HALO JEMBER – Tragedi kecelakaan kembali terjadi di jalur wisata Gunung Bromo, Kabupaten Probolinggo. Terbaru, sebuah bus pariwisata yang mengangkut rombongan karyawan Rumah Sakit Bina Sehat ( RSBS ) Jember mengalami kecelakaan maut pada Minggu (14/9) hingga sebabkan 8 orang tewas dan puluhan lainnya luka-luka.
Peristiwa ini menambah daftar panjang kecelakaan di jalur Bromo yang terkenal rawan. Berikut deretan kasus kecelakaan di Jalur Wisata Bromo:
- Mobil Fortuner Terjun ke Jurang
Sebuah Toyota fortuner terjun ke jurang di Dusun Jarak Ijo, Desa Ngadas, Kecamatan Poncokusumo pada Senin (13/5/24). Terdapat 9 penumpang dan 4 diantaranya meninggal dunia, sementara lainnya mengalami luka-luka hingga patah tulang. Kecelakaan ini diduga lantaran rem blong saat jalan menurun dan tikungan.
- Rombongan Komisioner KPU Probolinggo
Mobil yang membawa rombongan komisioner KPU Probolinggo bertabrakan dengan sepeda motor tanpa plat nomor di Desa Ngadas, Sukapura pada Rabu (17/7/24). Seorang pelajar berusia 14 tahun, pengendara motor, meninggal di lokasi kejadian. Penumpang mobil, termasuk anggota KPU, selamat tanpa luka serius.

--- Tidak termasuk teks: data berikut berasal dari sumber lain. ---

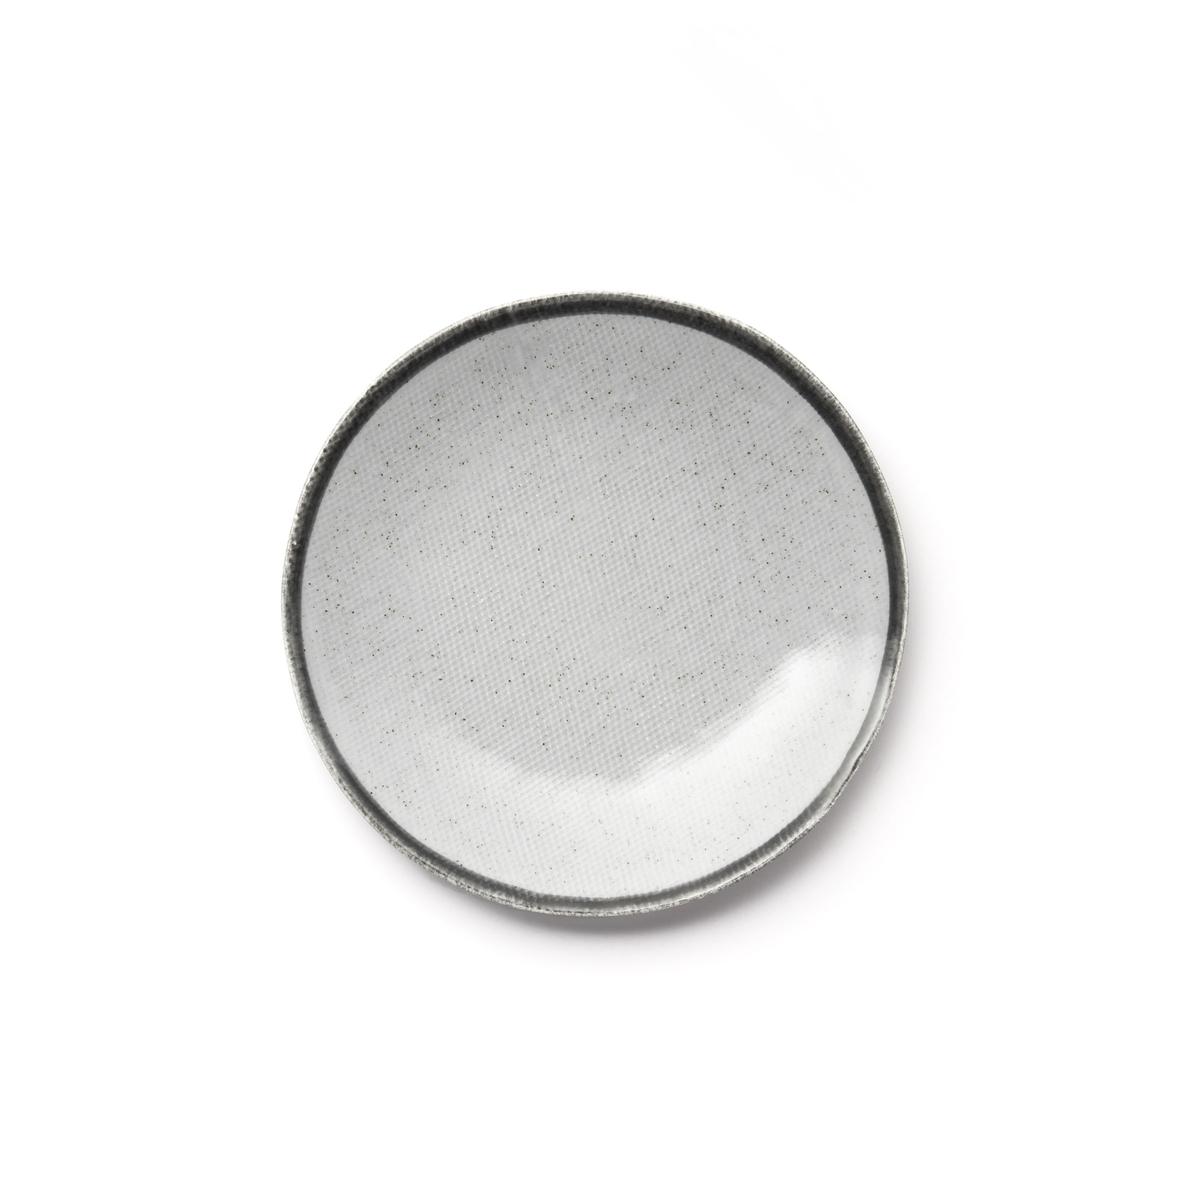 Фото - 4 десертные LaRedoute Тарелки из глазурованной керамики Anika единый размер серый 4 десертные laredoute тарелки из глазурованной керамики anika единый размер серый

- Jip Wisata Bromo Masuk Jurang
Kecelakaan Tunggal yang melibatkan kendaraan Hardtop bernomor polisi N 1426 RN membawa 5 orang penumpang perempuan wisatawan. Melaju dari arah Bromo ke Probolinggo, saat memasuki tikungan tajam di depan SMPN 1 Sukapura, sopir diduga kehilangan kendali kemudi sehingga menyebabkan kendaraan menabrak batas pengaman jalan dan terjun bebas ke jurang dengan posisi terbalik. Semua penumpang dan sopir selamat, namun mengalami luka-luka hingga patah tulang.
- Elf Rem Blong
Sebuah kendaraan Elf yang membawa 19 wisatawan asal Surabaya mengalami rem blong ketika turun dari jalur Bromo di Jalan Jatian, Desa Ngepung, Kecamatan Sukapura pada Sabtu (17/8/24). Akibatnya Elf tersebut menabrak pengendara sepeda motor dari arah bawah. Dua orang tewas yakni pengemudi Elf dan pengendara motor, sementara 8 penumpang mengalami luka berat dan lainnya luka ringan.

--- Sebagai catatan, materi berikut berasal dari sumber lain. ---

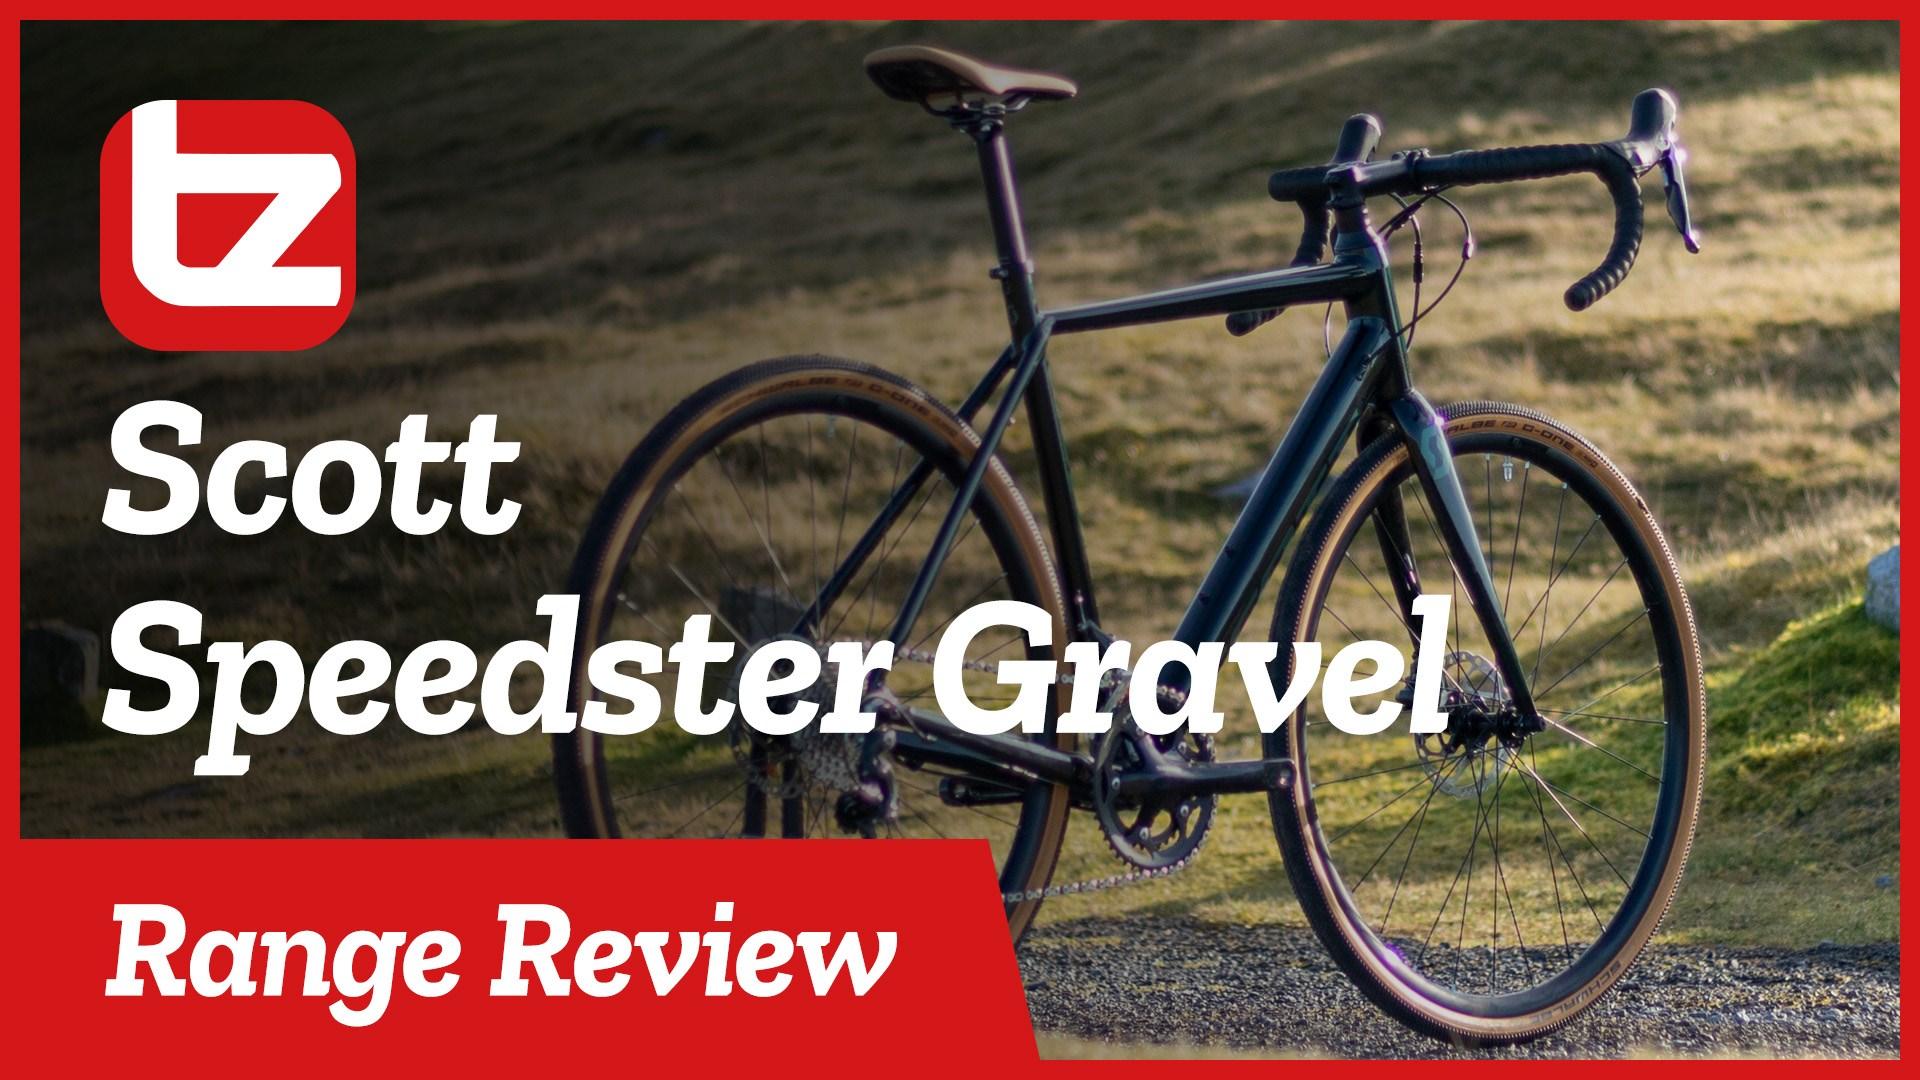 Scott Speedster Gravel | Range Review | Tredz Bikes

Kecelakaan di jalur Bromo bukanlah fenomena baru. Banyak insiden lain yang menewaskan atau mencederai orang, baik wisatawan maupun warga lokal.

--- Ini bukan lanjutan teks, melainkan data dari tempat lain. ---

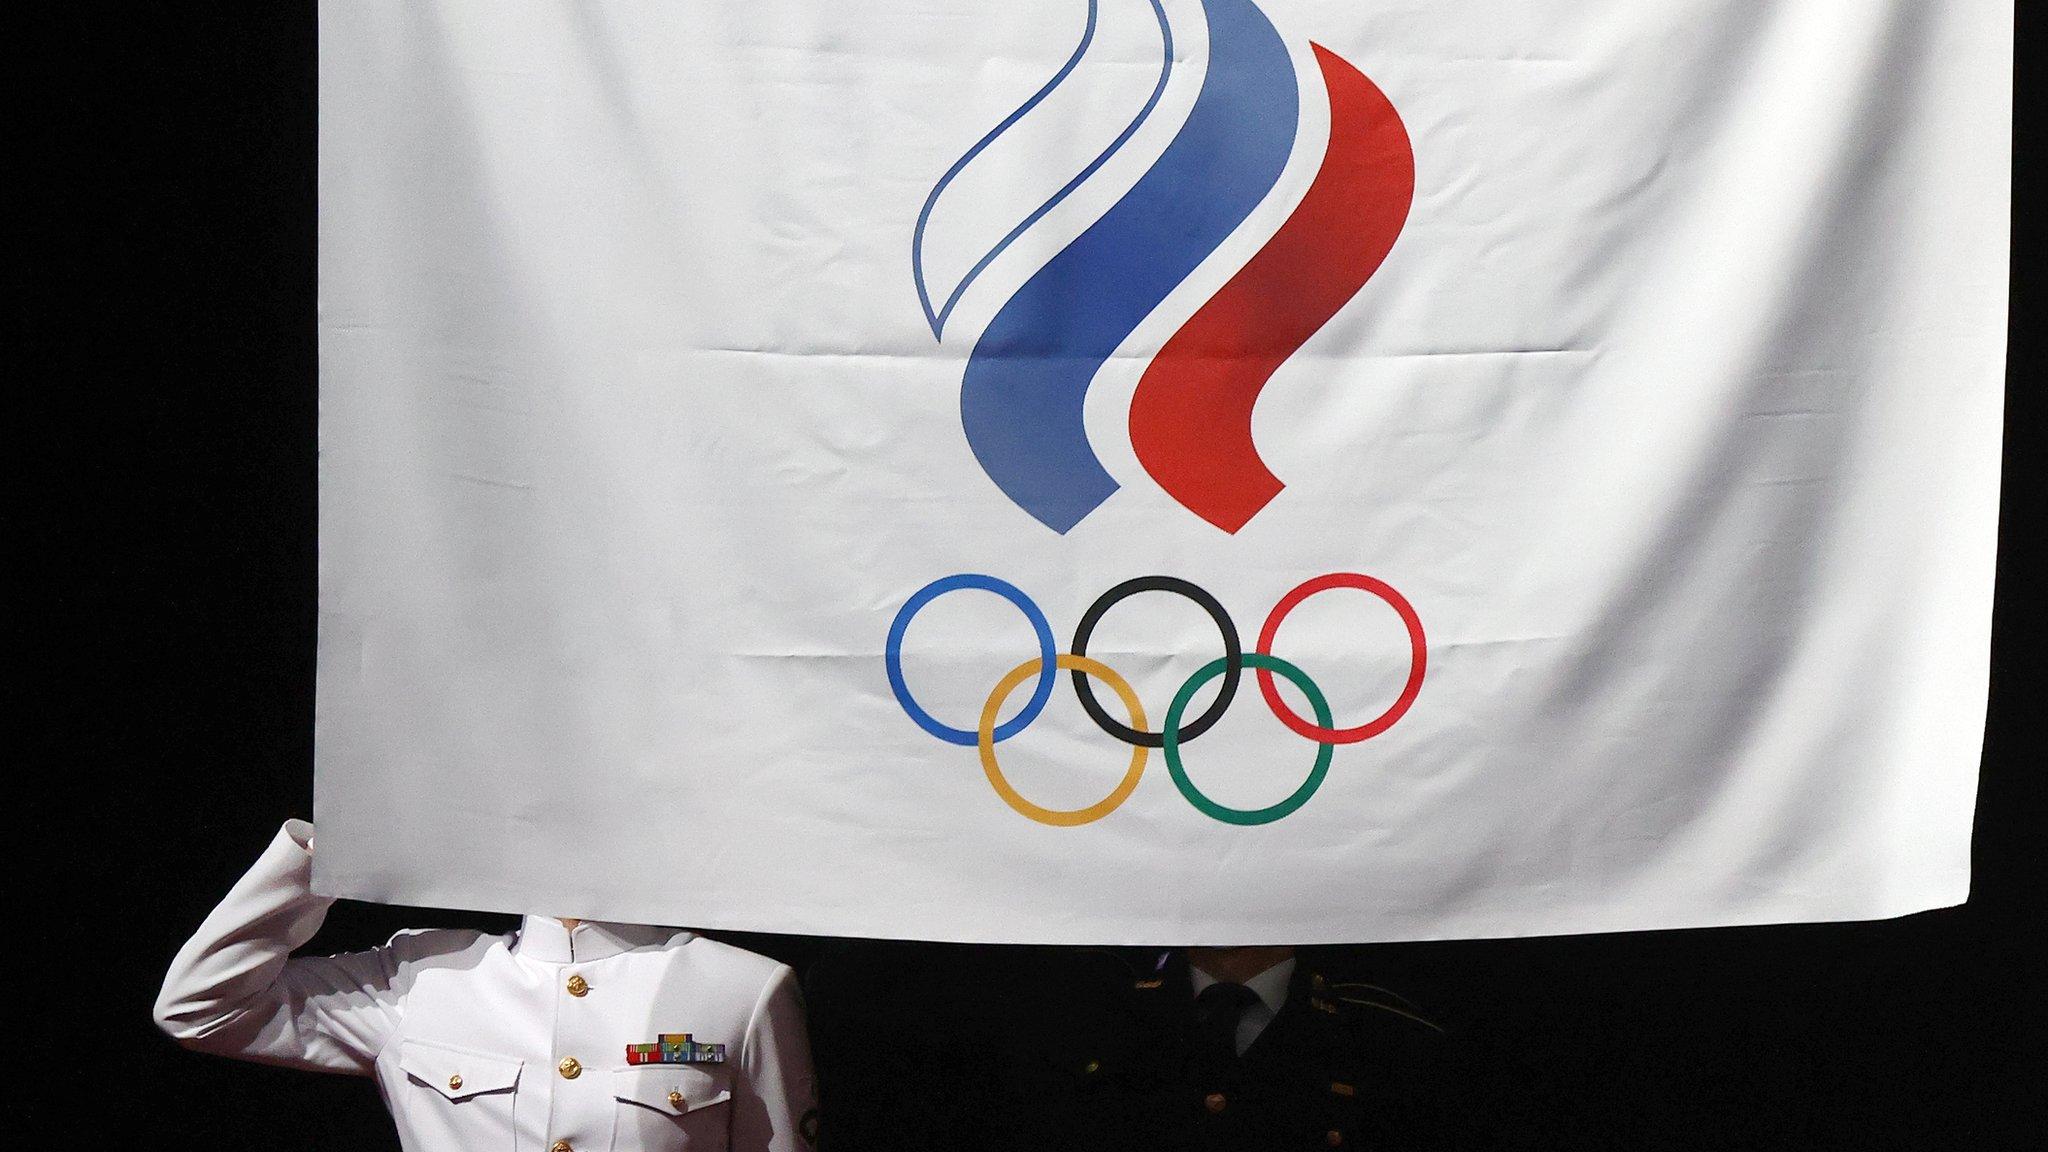 Антидопинговое агентство США потребовало обнародовать итоги допинг-тестов российских олимпийцев

Deratan kecelakaan ini menjadi pengingat bagi wisatawan maupun pengemudi untuk lebih berhati-hati saat melintas di jalur Bromo.
Medan yang curam dan berkelok menuntut kondisi kendaraan prima serta sopir yang bernar-benar memahami jalur tersebut. Memastikan kondisi kendaraan, tidak melaju dengan kecepatan di atas rata-rata menjadi langkah penting untuk mencegah terjadinya kecelakaan serupa di kemudian hari.